Confirm this is true when we calculate on our particular values:

# Confirm that y is close as dammit to b * x + c + e
assert np.allclose(y, b * x + c + e)

Bear with with us for a little trick. We define \(\vec{o}\) as a vector of ones, like this:

\[\begin{split}\displaystyle \vec{o} = \left[\begin{matrix}1\\1\\1\\1\\1\\1\\1\\1\\1\\1\\1\\1\\1\\1\\1\end{matrix}\right]\end{split}\]

In code, in our case:

o = np.ones(n)

Now we can rewrite the formula as:

\[ \yvec = b\xvec + c\vec{o} + \evec \]

because \(o_i = 1\) and so \(co_i = c\).

\[\begin{split}\displaystyle \left[\begin{matrix}{y}_{1}\\{y}_{2}\\{y}_{3}\\{y}_{4}\\{y}_{5}\\{y}_{6}\\{y}_{7}\\{y}_{8}\\{y}_{9}\\{y}_{10}\\{y}_{11}\\{y}_{12}\\{y}_{13}\\{y}_{14}\\{y}_{15}\end{matrix}\right] = b \left[\begin{matrix}{x}_{1}\\{x}_{2}\\{x}_{3}\\{x}_{4}\\{x}_{5}\\{x}_{6}\\{x}_{7}\\{x}_{8}\\{x}_{9}\\{x}_{10}\\{x}_{11}\\{x}_{12}\\{x}_{13}\\{x}_{14}\\{x}_{15}\end{matrix}\right] + c \left[\begin{matrix}1\\1\\1\\1\\1\\1\\1\\1\\1\\1\\1\\1\\1\\1\\1\end{matrix}\right] + \left[\begin{matrix}{e}_{1}\\{e}_{2}\\{e}_{3}\\{e}_{4}\\{e}_{5}\\{e}_{6}\\{e}_{7}\\{e}_{8}\\{e}_{9}\\{e}_{10}\\{e}_{11}\\{e}_{12}\\{e}_{13}\\{e}_{14}\\{e}_{15}\end{matrix}\right]\end{split}\]

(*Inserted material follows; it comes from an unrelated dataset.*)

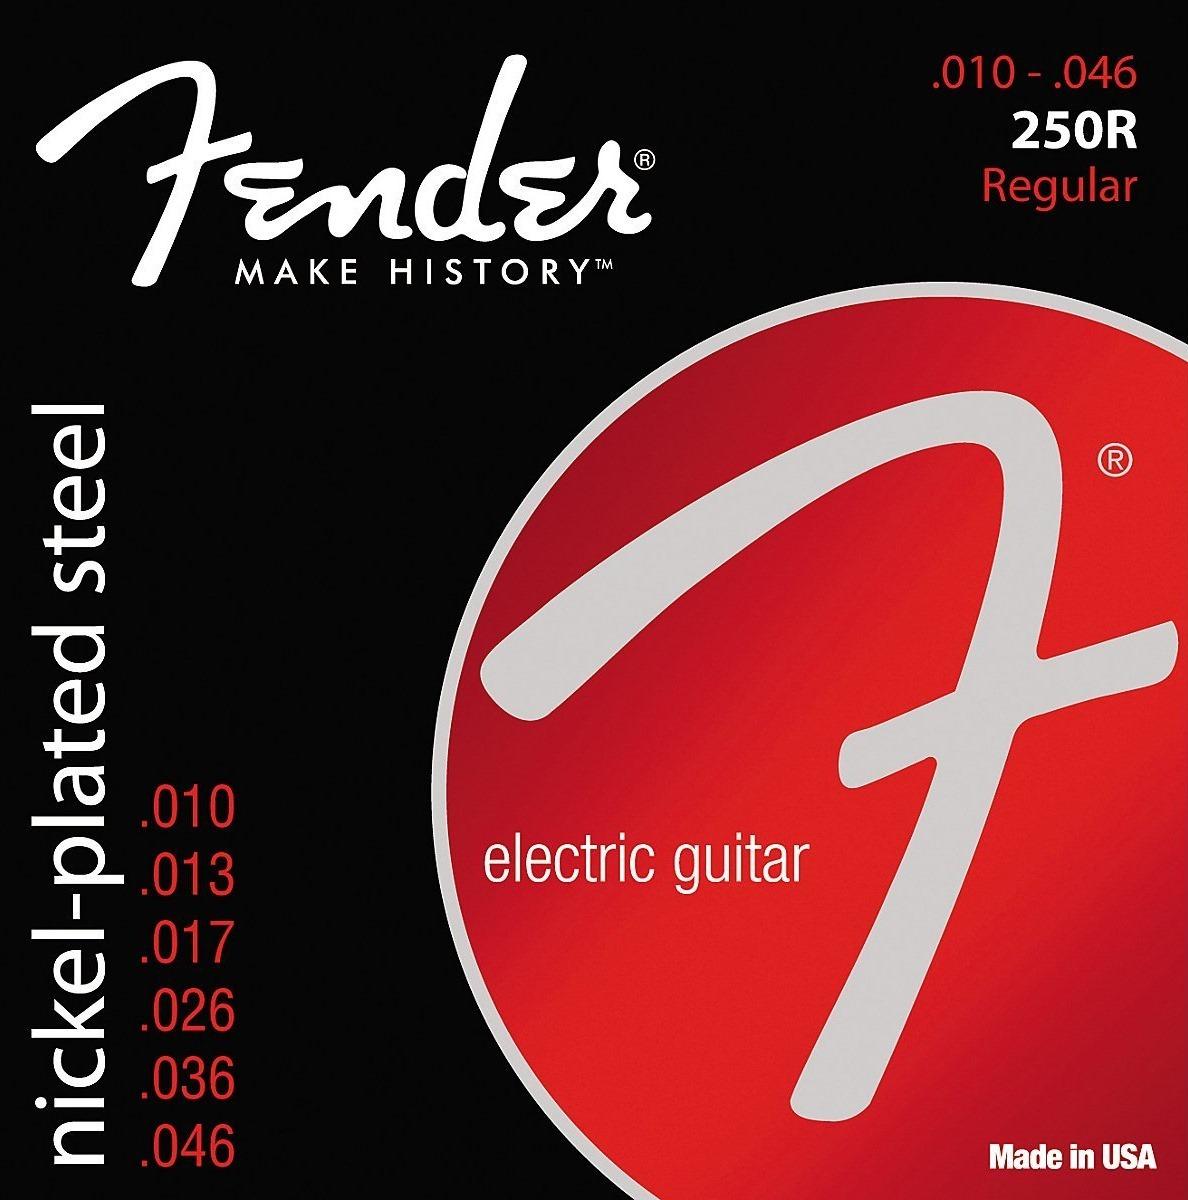 FENDER STRINGS 250R струны для электрогитары, 10-46 цены онлайн

This evaluates to the result we intend:

\[\begin{split}\displaystyle \left[\begin{matrix}{y}_{1}\\{y}_{2}\\{y}_{3}\\{y}_{4}\\{y}_{5}\\{y}_{6}\\{y}_{7}\\{y}_{8}\\{y}_{9}\\{y}_{10}\\{y}_{11}\\{y}_{12}\\{y}_{13}\\{y}_{14}\\{y}_{15}\end{matrix}\right] = \left[\begin{matrix}c + b {x}_{1} + {e}_{1}\\c + b {x}_{2} + {e}_{2}\\c + b {x}_{3} + {e}_{3}\\c + b {x}_{4} + {e}_{4}\\c + b {x}_{5} + {e}_{5}\\c + b {x}_{6} + {e}_{6}\\c + b {x}_{7} + {e}_{7}\\c + b {x}_{8} + {e}_{8}\\c + b {x}_{9} + {e}_{9}\\c + b {x}_{10} + {e}_{10}\\c + b {x}_{11} + {e}_{11}\\c + b {x}_{12} + {e}_{12}\\c + b {x}_{13} + {e}_{13}\\c + b {x}_{14} + {e}_{14}\\c + b {x}_{15} + {e}_{15}\end{matrix}\right]\end{split}\]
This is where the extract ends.